В дверь яростно застучали чем-то тяжелым.

– Ведьма! – кричал Всемил. – Выходи! Мы тебя не страшимся!

– И напрасно, – пробормотала Бажена и подняла руки над сидящей на полу и рыдающей дочерью.

Несколько мгновений она, закрыв глаза, бормотала что-то неразборчивое, после чего глянула на дочку и шепнула ей:

– Открой его.

Девушка лишь успела коснуться серебряной ладанки, как уже горящую дверь ударом ноги выбил разъяренный Всемил.

– Бесовка! – крикнул он Бажене, стоявшей в маленькой избе, охваченной огнем.

– Твоя жена молила о детях, и я помогла вам. А ты отнял у меня мое дитя, – сказала она и соединила ладони над своей головой, после чего чердак с крышей обрушились, накрыв горящими балками всю хату, в том числе и Всемила.

Когда пожар стух, люди всей деревней принялись разбирать сгоревшую избу ведьмы. Были и те, кто пришел помогать, чтобы чем поживиться. Да только поживиться было нечем: все подчистую сгорело.

Обуглившееся тело Всемила, над которым рыдали Хавронья и их старший сын Филипп, мужики замотали в одеяло и понесли в деревню, чтобы приготовить к погребению. Найдя тело Бажены, решено было предать его земле там же, в лесу, недалече от ее избы. Кто-то жалел ее, не считая виновной в том, что происходило в деревне, кто-то плевал под ноги, глядя на ее обгоревшее тело, но все сошлись в одном мнении: ведьму на православном кладбище хоронить не можно.

Когда извлекали из-под бревен и балок погибших, один мужик заметил что-то блестящее. Убедившись, что за ним никто не наблюдает, он быстро схватил предмет, протер его от сажи и, обрадовавшись, сунул за пазуху серебряную толстую ладанку. От огня замок на ней закоптился, и мужик не смог открыть ее, но он знал, что этот предмет может решить многие его проблемы: он продаст его и купит себе новых коров, новых коз и курей, а возможно и новую жену. Так, спустя пару лет, он и поступил.

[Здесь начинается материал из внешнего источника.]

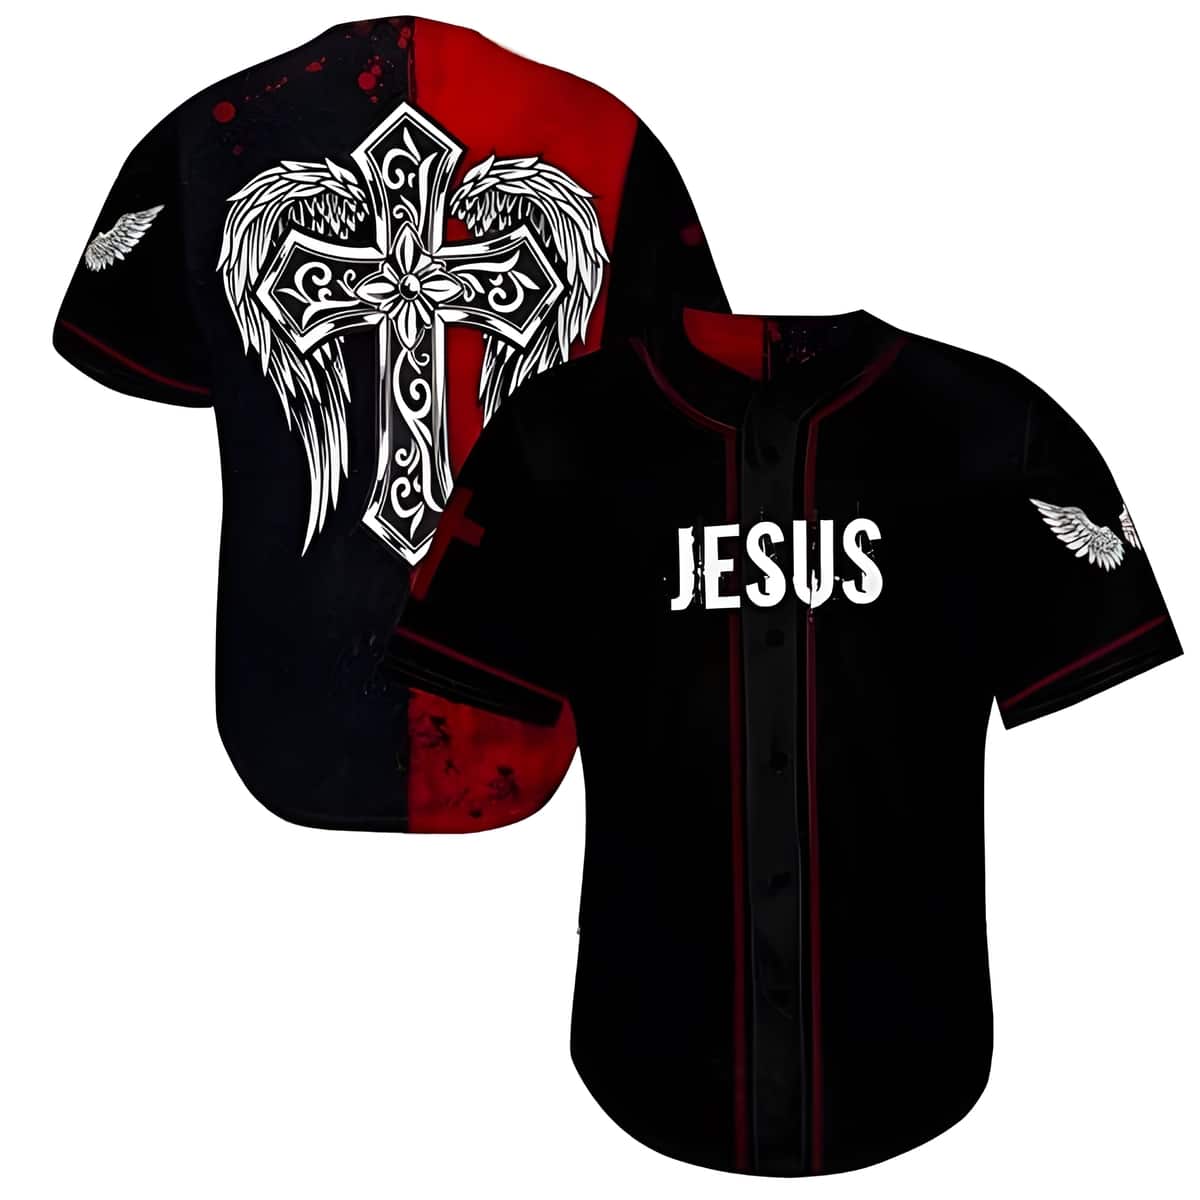 Faith Cross Wing Of Jesus Baseball Jersey Religious Gift For Christian Friend

К слову, хворь среди деревенеской животины после смерти Бажены не прошла, а только усилилась, губя скотину еще не один месяц. Из лесу волки и лисы приходили, чтобы рядом с деревней помереть да заразу разнести, птица в округе повыздохла. Многие из-за того были вынуждены уехать из деревни.

Хавронья у Бога прощения вымаливала за мужа своего, который на семью их страшный грех наложил. И у души Бажены прощения просила, веря, что душа у ведуньи была, и душа добрая.

А когда пожарище разбирали, никого и ничего более не сыскали, кроме черепков от многочисленных горшков для травок и снадобий, оттого и решили, что дочка ведьмина померла еще до того, как дом их сожжен был. Участок же тот было решено сравнять с землей, чтобы ничего от жилища нечистого не осталось. А на месте, где Бажена похоронена была, даже креста никто не поставил, да только вместо креста выросла на той земле ива плакучая, и простояло там дерево то, что косы свои длинные к траве болотной от печали склонило, долго очень, необычно много лет, как для ив. Никак зачарованное.

***

Одинокий хирург Петр Михайлович Попов, про которого говорили, что у него «руки от Бога», вел долгую и весьма успешную практику. Никогда он не был женат ни на ком, кроме своей работы. Жил он один в двухкомнатной квартире в центре Москвы. Помимо того, что ежедневно он резал людей вдоль и поперек ради их же блага, была у Петра Михайловича и другая страсть: любил он антиквариат русский. Путешествуя по всему Союзу, тут и там скупал он на блошиных рынках горшки старинные, посуду, броши и другие украшения, портсигары, случалось даже, что и монеты времен царских. Берег Попов свою коллекцию, в порядке ее содержал. Да только завещать после себя некому было. Потому в 1985 году после смерти Петра Михайловича, унаследовал все его богатство племянник его, непутевый сын уже покойной младшей сестры.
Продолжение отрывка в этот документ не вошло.